Share your dilemmas and get honest opinions from other Mumsnetters.

People who want to be admired

58 replies

StreetOne · 02/11/2018 22:13

Do you know people who want to be admired all the time? I know 3 people who do this ad nauseam in different areas of my life.

They always, always have to slip in how successful their dh or or dc are and wait for others to praise and validate them. At the same time, they would never think to comment positively, ever.

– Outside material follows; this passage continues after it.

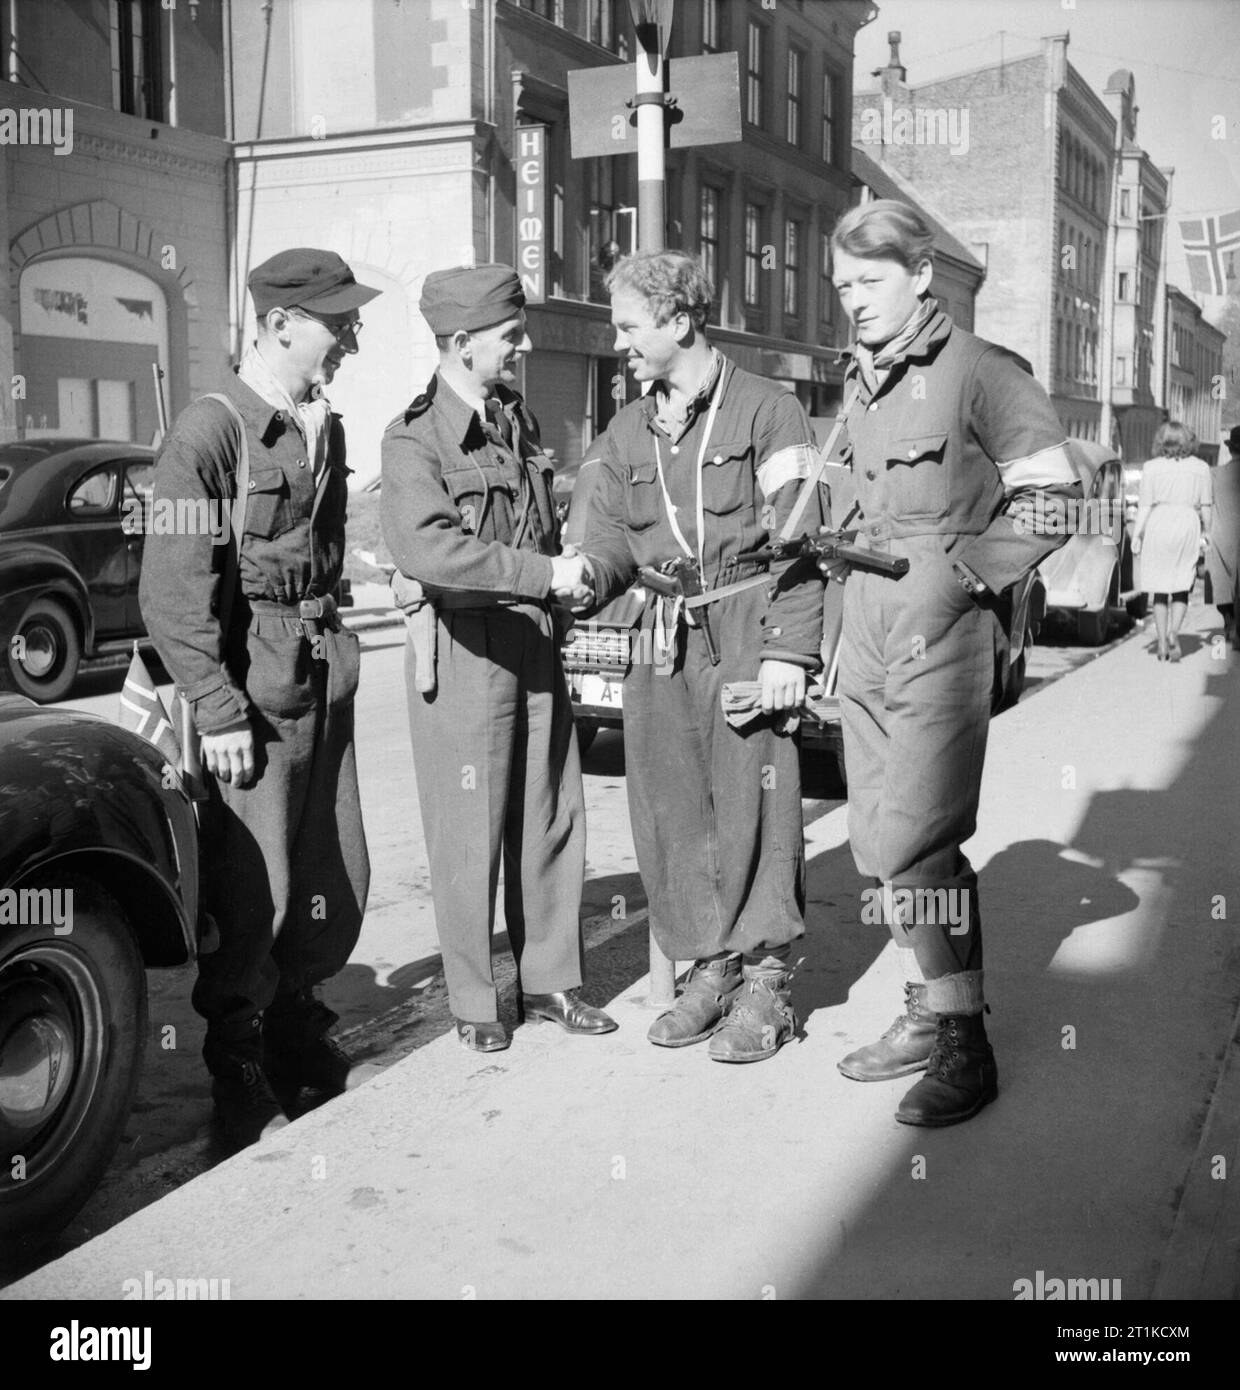 Squadron Leader J Macadam trifft sich drei norwegischen Widerstandskämpfer in Oslo nach der Ankunft der Britischen Streitkräfte in Norwegen, 11. Mai 1945. Squadron Leader J Macadam trifft sich drei norwegischen Widerstandskämpfer in Oslo nach der Ankunft der Britischen Streitkräfte in Norwegen. Stockfoto

AIBU to think people like this must have low self esteem? Or is it just a bad habit? Why do they do it?

OP posts:
SukiPutTheEarlGreyOn · 03/11/2018 08:04

Some people seem to be a bit like a faulty walkie talkie - they get stuck on ‘transmit’ and when its their turn to ‘receive’ information you get radio silence. They can be quite tiring to interact with so options are to minimise contact to when you have the emotional strength to deal with their self absorbed wittering or turn it into ‘me, me, me’ bingo for every time they mention a latest acquisition/exam success/promotion without asking a question back or showing interest in your life.

noego · 03/11/2018 08:10

I find some of the schools mums amusing. The ones that have collected little Chardonnay and by the time you have gone from the classroom to the school gates you know that their LO is having a violin lesson, followed by swimming lessons, followed by dinner at grand mama's and dinner is salmon. It's all said rather loudly so everyone can hear. :)

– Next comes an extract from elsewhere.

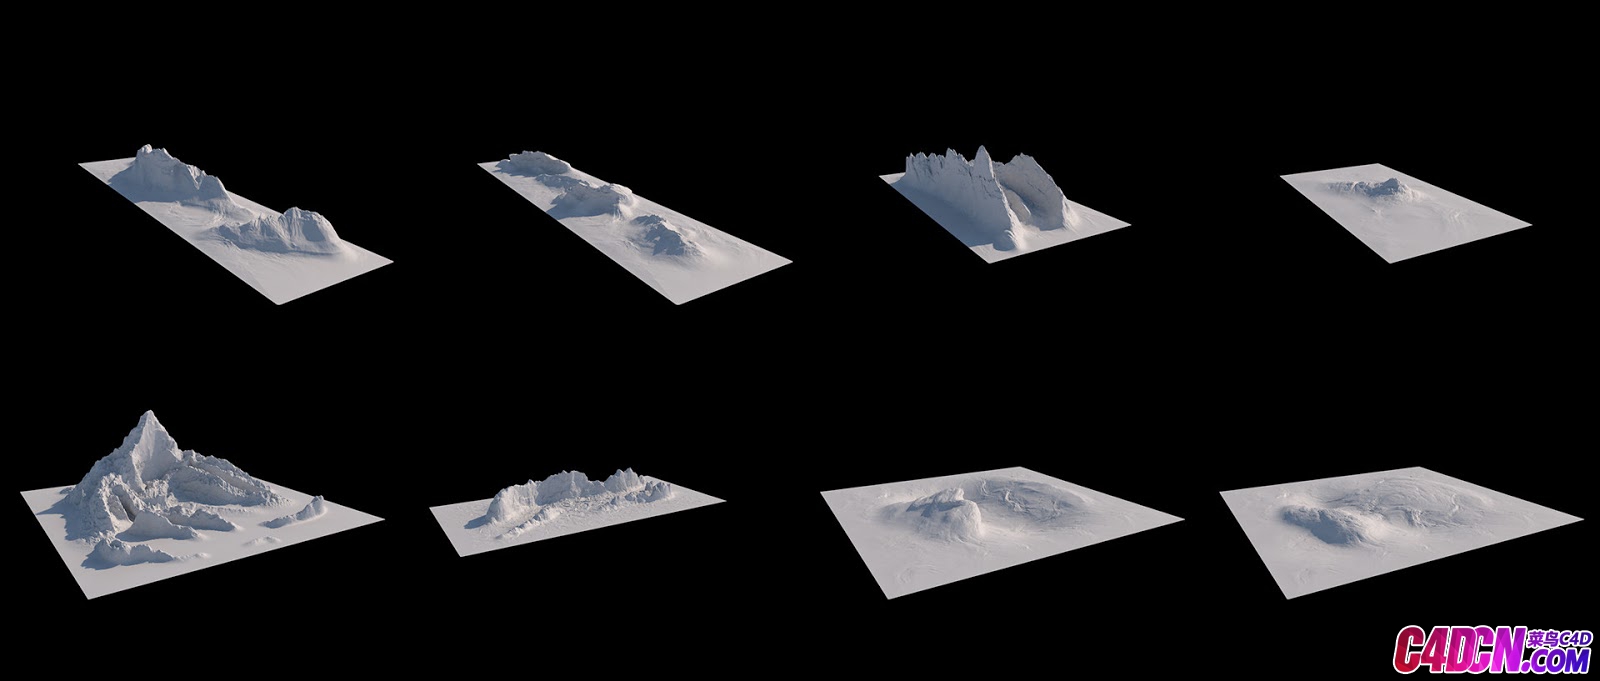 22 Detailed Mountain Packs For Cinema 4D 04.jpg

They never seem to enquire what LO has done in school today :(

Impression management of the highest order

Sicario · 03/11/2018 08:12

This is my SAHM sister and her twat of a husband, the king of bullshit. Went NC 18 months ago and it's the best decision I ever made.

canyouhearthedrums · 03/11/2018 08:14

Hate this and it's embarrassing to listen to when it's constant. I think it is insecurity about socio-economic status more than self esteem, particu larly when the cost of things is always mentioned.

lLikeCake · 03/11/2018 08:44

The money thing... "I bought this jacket at vast expense..." and it turns out to be from Aldi at £9.99.

lLikeCake · 03/11/2018 08:45

Not dissing Aldi (love it, bought some nice glitter socks from there yesterday) but I wouldn't describe it as high end.

mostdays · 03/11/2018 08:55

One of my best friends at work needs to be praised a fait bit and will bring up all she has done if she doesn't feel like she's getting enough recognition. Doesn't bother me, she is ace at her job and we don't get much praise for all the good stuff we do, so I will happily tell her how wonderful she is for a few minutes and then we move on. In fairness she will make time to listen to my paranoid rants about how awful people are so I suppose it all evens out.

I do brag a bit about ds2 at times. In all honesty it's because it makes a change from wailing about ds1. The people who hear me talk about ds2 getting awards and fabulous results and so on are the same o as who hear me cry about ds1 getting excluded or arrested or threatening me, so they're probably kind enough to realise it all balances out.

mostdays · 03/11/2018 08:56

Excuse all the typos...

Whipsmart · 03/11/2018 09:21

@SukiPutTheEarlGreyOn I love that analogy, you've put it perfectly 

StreetOne · 03/11/2018 09:26

"I think it is insecurity about socio-economic status more than self esteem" This is probably the case with MiL who comes from a modest background but 'married well''.

"he need to be adorned and fawned over imo is one of low self and high self worth"
One of my colleagues who does this also comes from a slightly disadvantged but reasonably well educated background. Her and her husband come across as SO pleased with themselves smug. He is a post doc engineer and a super expert in his field so I'm told 100s of times. I have the feeling that they are convinced their family is the bee's knees and that they and their dc are inherently gifted and obviously cultured. I don't think she is inherently competitive but so self absorbed that we don't actually featured at all. When I tell her that dc has started a new activity (e.g. competing on a higher level in sports) occasionally she will take notice and look completely stunned but say nothing other than "really?" with an astonished face and move to another topic quickly.

BTW, with I tend to give warm and positive feedback when these people start on their good fortunes. Am I enabling this perhaps?

It's just so weird. Another poster mentioned lack of empathy. Maybe it's that?

OP posts:
Momo27 · 03/11/2018 09:38

I get what you’re saying OP. It’s completely normal to feel proud of your children and partner for their achievements, but when it tips over into endlessly trumpeting them and being uninterested in anyone else, then it’s very wearing.

I’ve known one or two people like this and FWIW I agree that it’s probably low self esteem, particularly as it often seems to be people banging on about stuff they haven’t achieved in their own right. It’s seeking validation through other people.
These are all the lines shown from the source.